Background information
- Born: David Charles Abell 1958 (age 67–68) Jacksonville, North Carolina, U.S.
- Genres: Symphonic music, opera, musical theatre
- Occupations: Conductor, musicologist
- Years active: 1982–present
- Website: www.davidcharlesabell.com

= David Charles Abell =

American orchestral conductor

David Charles Abell (born 1958) is an American conductor of opera, orchestral music and musical theater. Described as "a protean talent" with "impeccable and inspired" skill as a conductor, he is active in symphonic music, opera and musical theatre. Abell was one of Leonard Bernstein's last protégés, and collaborated with Bernstein on many works during the 1980s.

Abell is known for his television appearances worldwide as conductor of the Les Misérables' 10th and 25th Anniversary concerts. He is also recognized as an authoritative interpreter of the musicals of Stephen Sondheim.

In addition to maintaining an active international opera career, Abell has worked to restore clarity to musical scores with poorly preserved source materials. As of 2017, Abell is a resident of London.

==Early life and education==
Born in Jacksonville, North Carolina, Abell was raised in the Philadelphia and Chicago areas, studying viola, piano, organ, trumpet and voice. As a member of the Berkshire Boy Choir, he sang in the 1971 world premiere of Leonard Bernstein's Mass at the John F. Kennedy Center for the Performing Arts. The experience sparked his interest in theatrical compositions and fuelled a lasting passion for dramatic music.

In 1976, Abell enrolled at Yale University, where his teachers included John Mauceri and Rob Kapilow. He studied with Nadia Boulanger and Robert D. Levin at the American Conservatory in Fontainebleau before returning to Yale to complete his B.A. in 1981.

==Early professional career==
In 1982, Abell participated in the inaugural Los Angeles Philharmonic Institute summer school, studying with Bernstein and Daniel Lewis.

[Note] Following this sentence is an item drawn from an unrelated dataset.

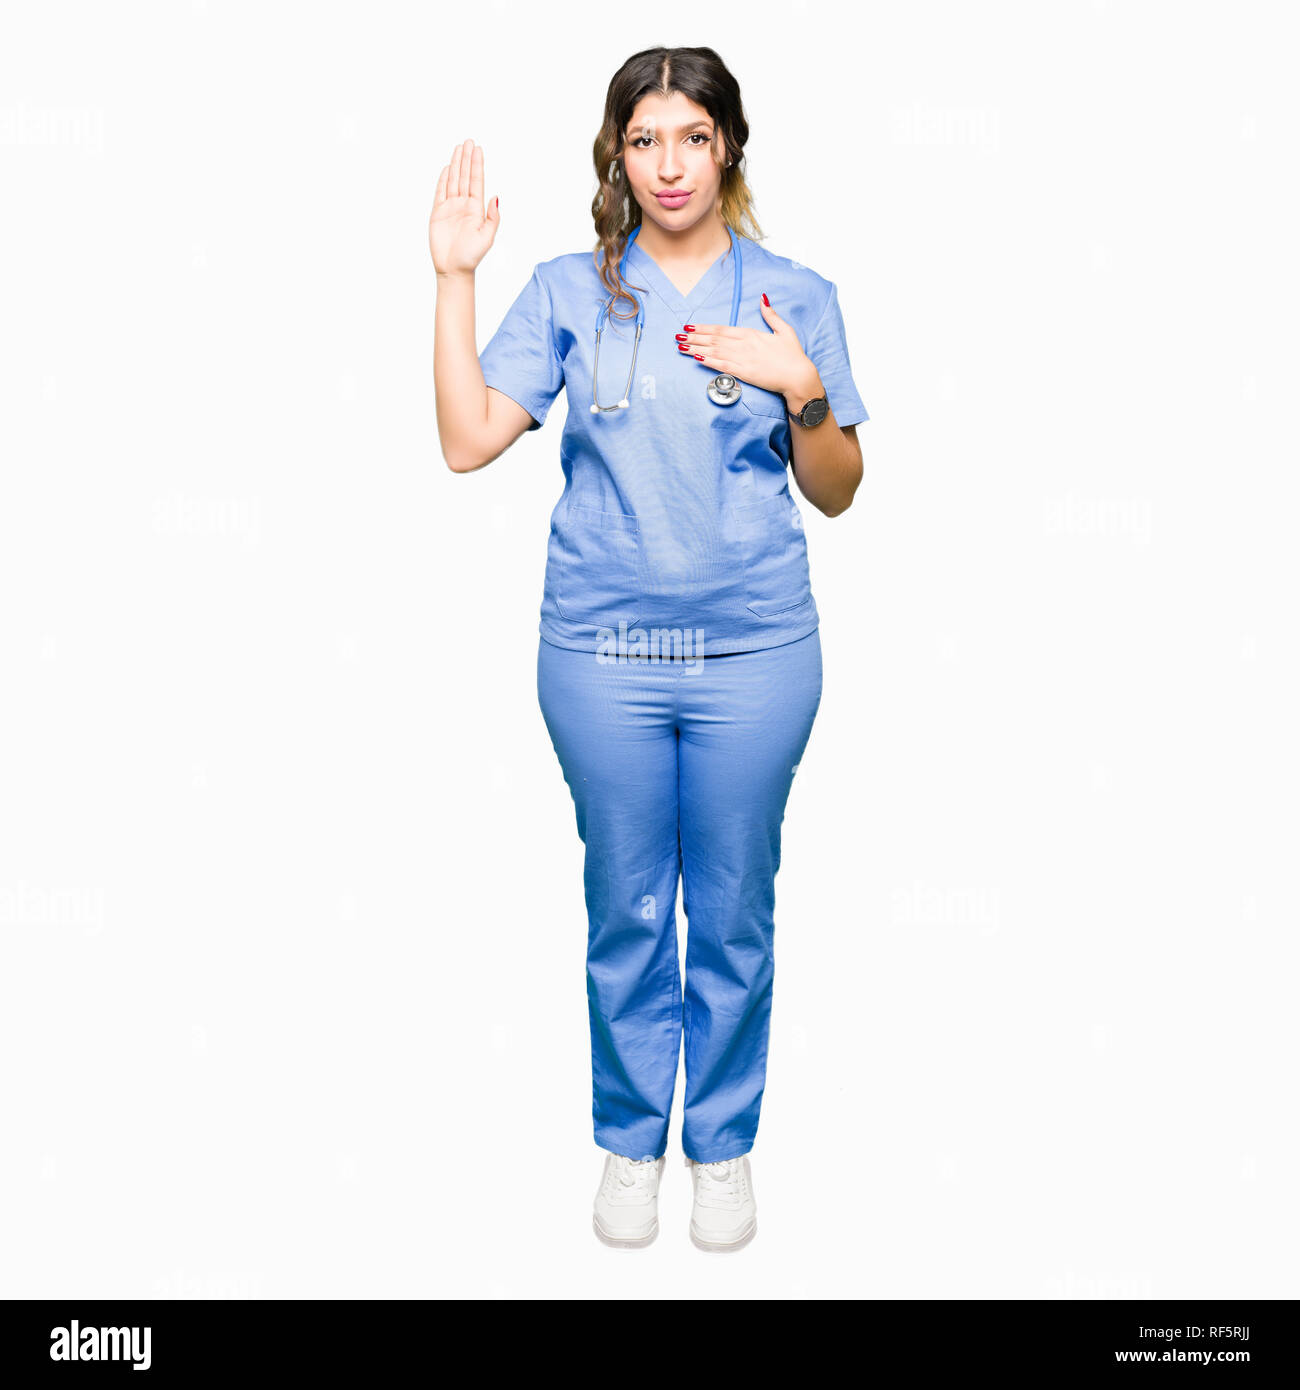 Young adult doctor woman wearing medical uniform Swearing with hand on chest and open palm, making a loyalty promise oath Stock Photo

He continued his postgraduate training from 1983 to 1985 at the Juilliard School under Jorge Mester and Sixten Ehrling

Abell made his professional debut conducting Bernstein's Mass at Berlin's Deutschlandhalle in 1982. The following year he deputized at short notice for John Mauceri conducting Britten's The Turn of the Screw at Washington National Opera. In 1985 he made his New York City Opera debut conducting The Mikado. Abell led San Francisco Opera's 1989 national tour of Carmen and was conductor for City Opera's national tour of The Barber of Seville in 1994.

=== Collaborative work with Leonard Bernstein ===
One of Leonard Bernstein's last protégés, he assisted the composer-conductor on many projects during the 1980s and helped prepare definitive editions of Bernstein's musical theatre scores.

==Work since 1996==
Since moving to London in 1996, Abell has conducted orchestras in the UK and abroad, including The Hallé, City of Birmingham, Bournemouth, London Philharmonic, BBC Symphony, Royal Philharmonic Orchestra, BBC National Orchestra of Wales, Seattle Symphony, Hong Kong Philharmonic, Iceland Symphony and West Australian Symphony orchestras. He is a regular guest conductor with the BBC Concert Orchestra, with whom he has appeared five times at the Proms.

=== Opera ===
In recent years, Abell has made debuts at Cincinnati Opera (Porgy and Bess), Lyric Opera of Kansas City (Silent Night), Opera Philadelphia (Die Zauberflöte), and Hawaii Opera Theatre (Eugene Onegin).

=== Musical theatre ===
The driving force behind Stephen Sondheim's 80th birthday celebration at the 2010 BBC Proms, Abell subsequently conducted the 25th anniversary concert of Les Misérables at the O2 Arena, which has been seen worldwide on television and released on DVD. Both the 25th and 10th Anniversary concerts have been extensively broadcast by PBS to boost fund-raising efforts.

Abell was music director of the West End production of Andrew Lloyd Webber's Love Never Dies from its opening in March 2010 until March 2011. Between 2011 and 2014, he conducted the French premieres of four Sondheim musicals: Follies at the Opéra de Toulon, Sweeney Todd and Sunday in the Park with George and Into the Woods at the Théâtre du Châtelet in Paris.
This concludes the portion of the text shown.